◆ What needs to be done: Here the job is to copy the data exactly and to exclude every image from it.

◆ Source material:

════════════════════

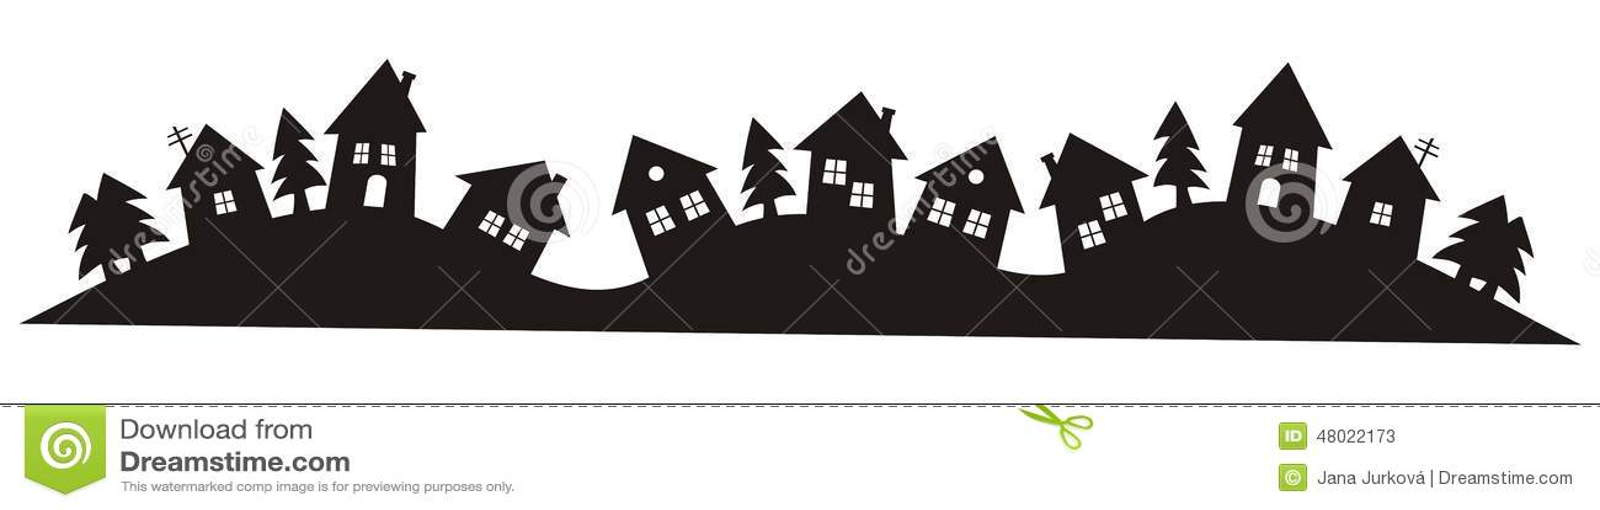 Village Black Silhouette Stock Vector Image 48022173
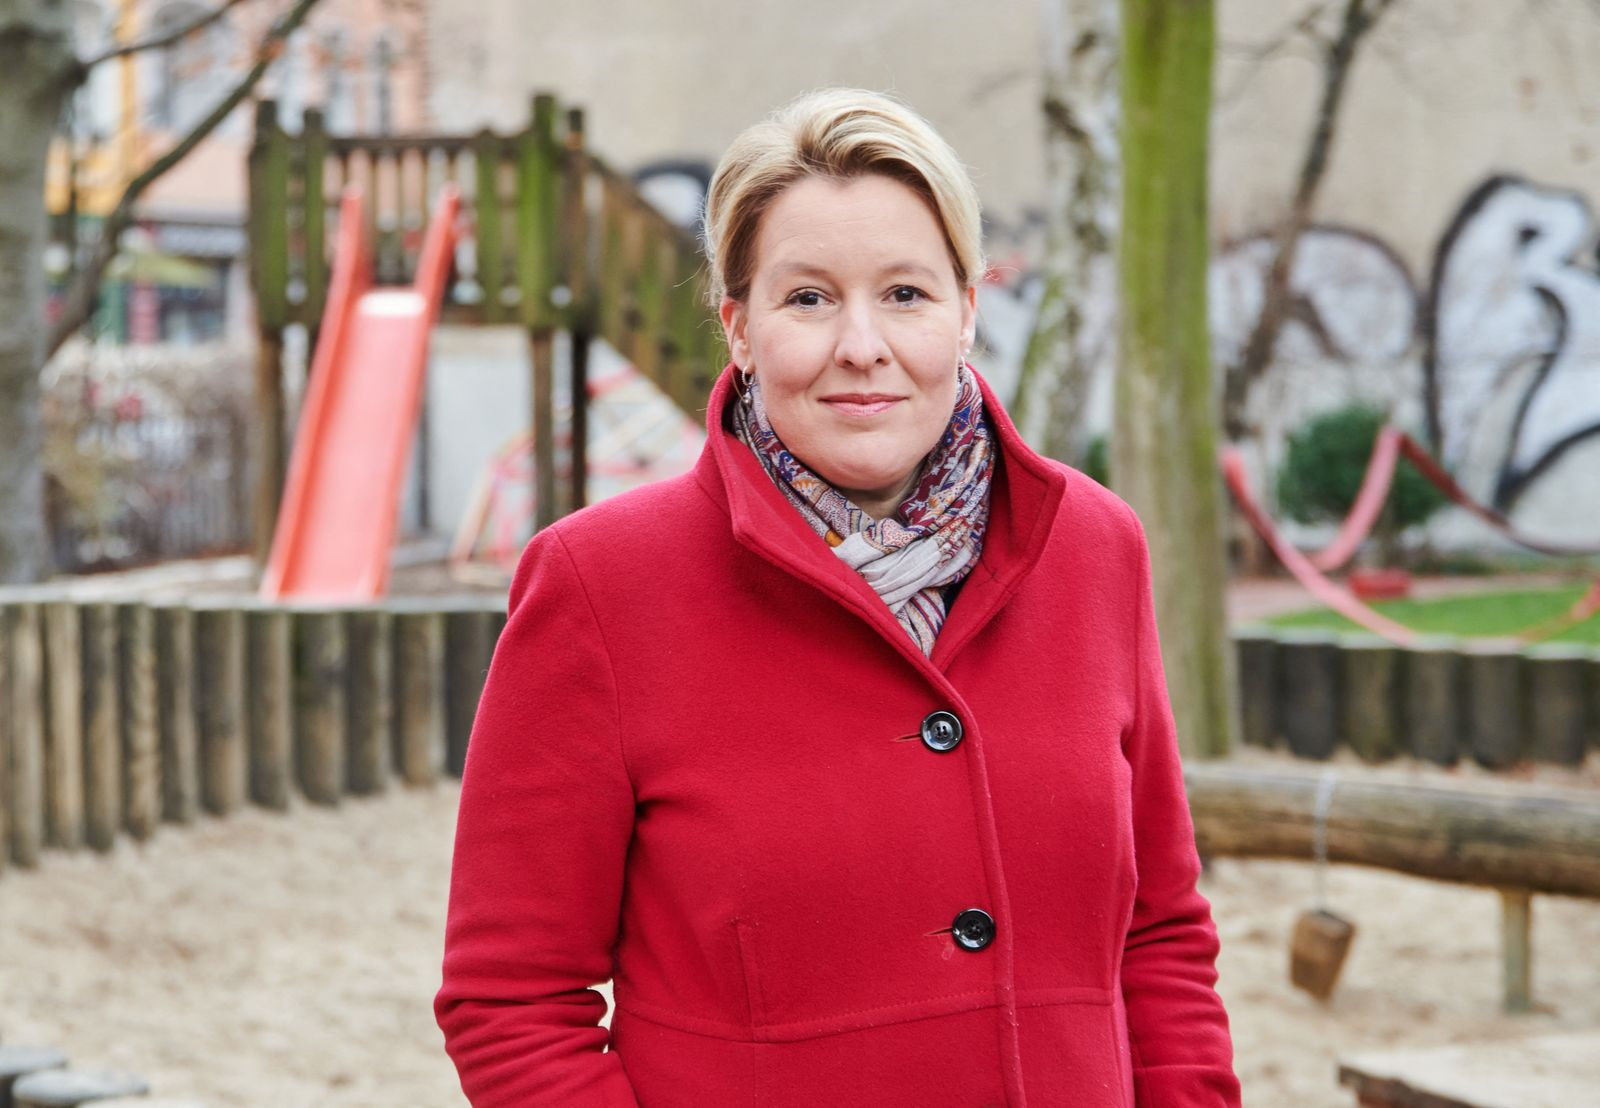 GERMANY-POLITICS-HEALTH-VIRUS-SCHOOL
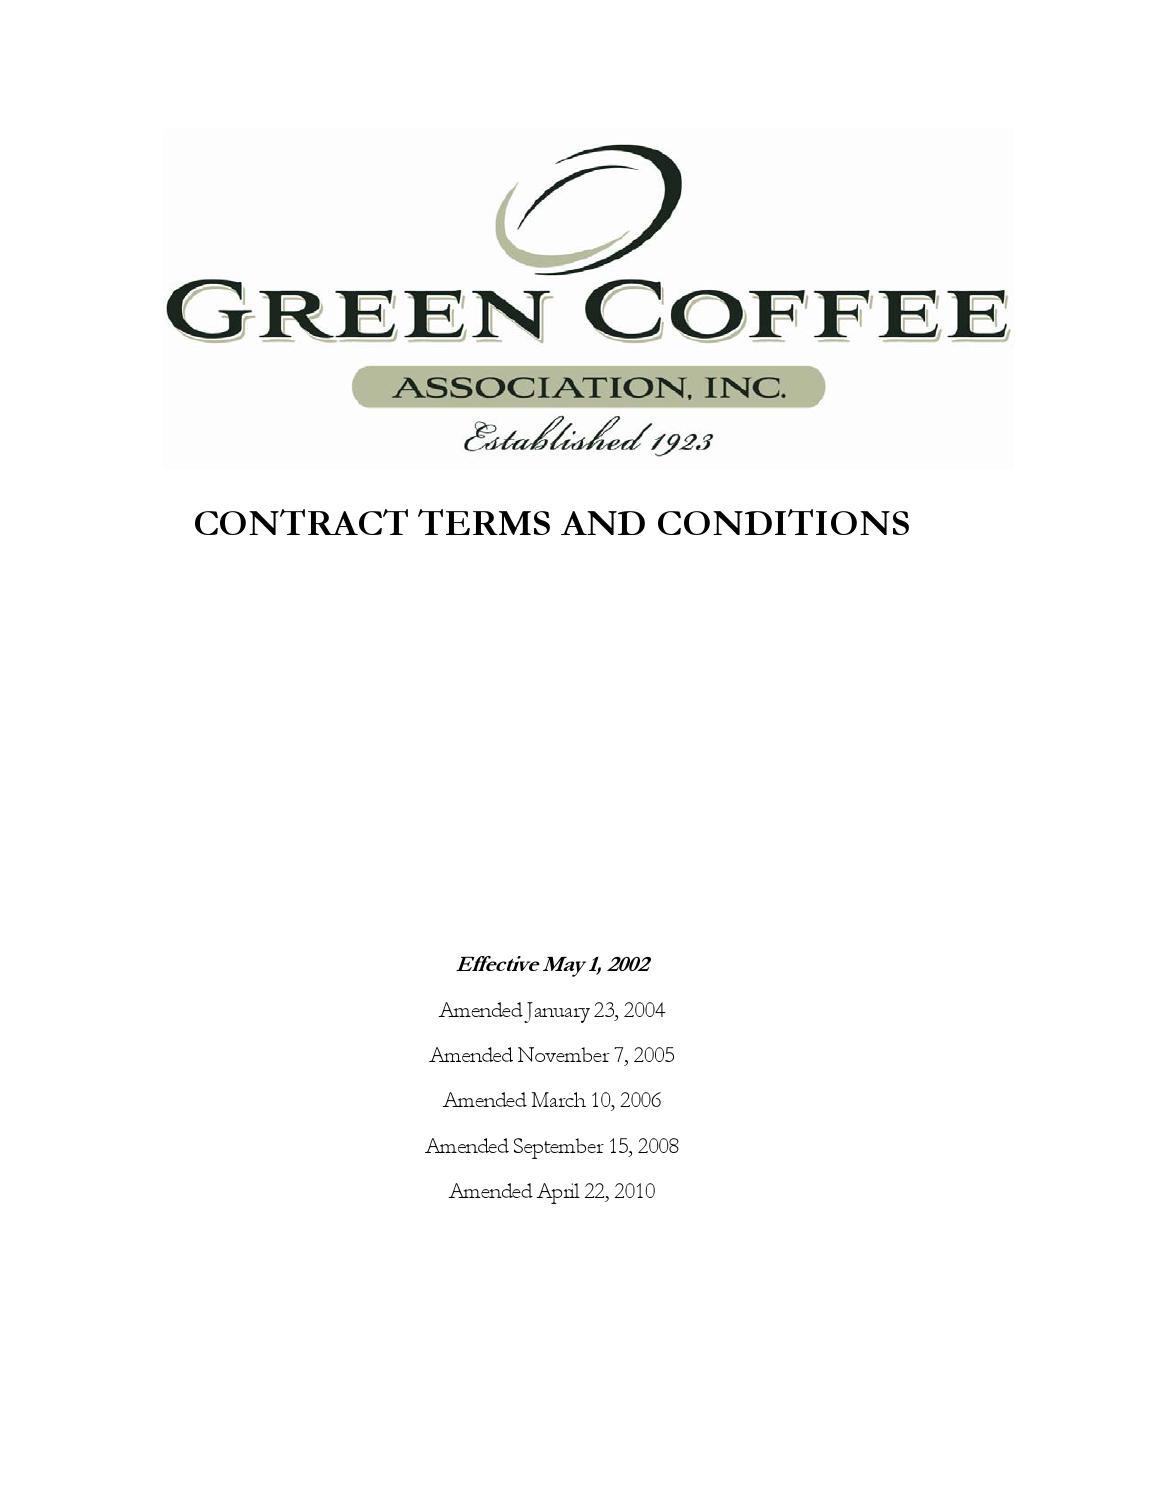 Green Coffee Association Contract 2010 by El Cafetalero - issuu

════════════════════

◆ Answer box:
 Village Black Silhouette Stock Vector Image 48022173
 GERMANY-POLITICS-HEALTH-VIRUS-SCHOOL
 Green Coffee Association Contract 2010 by El Cafetalero - issuu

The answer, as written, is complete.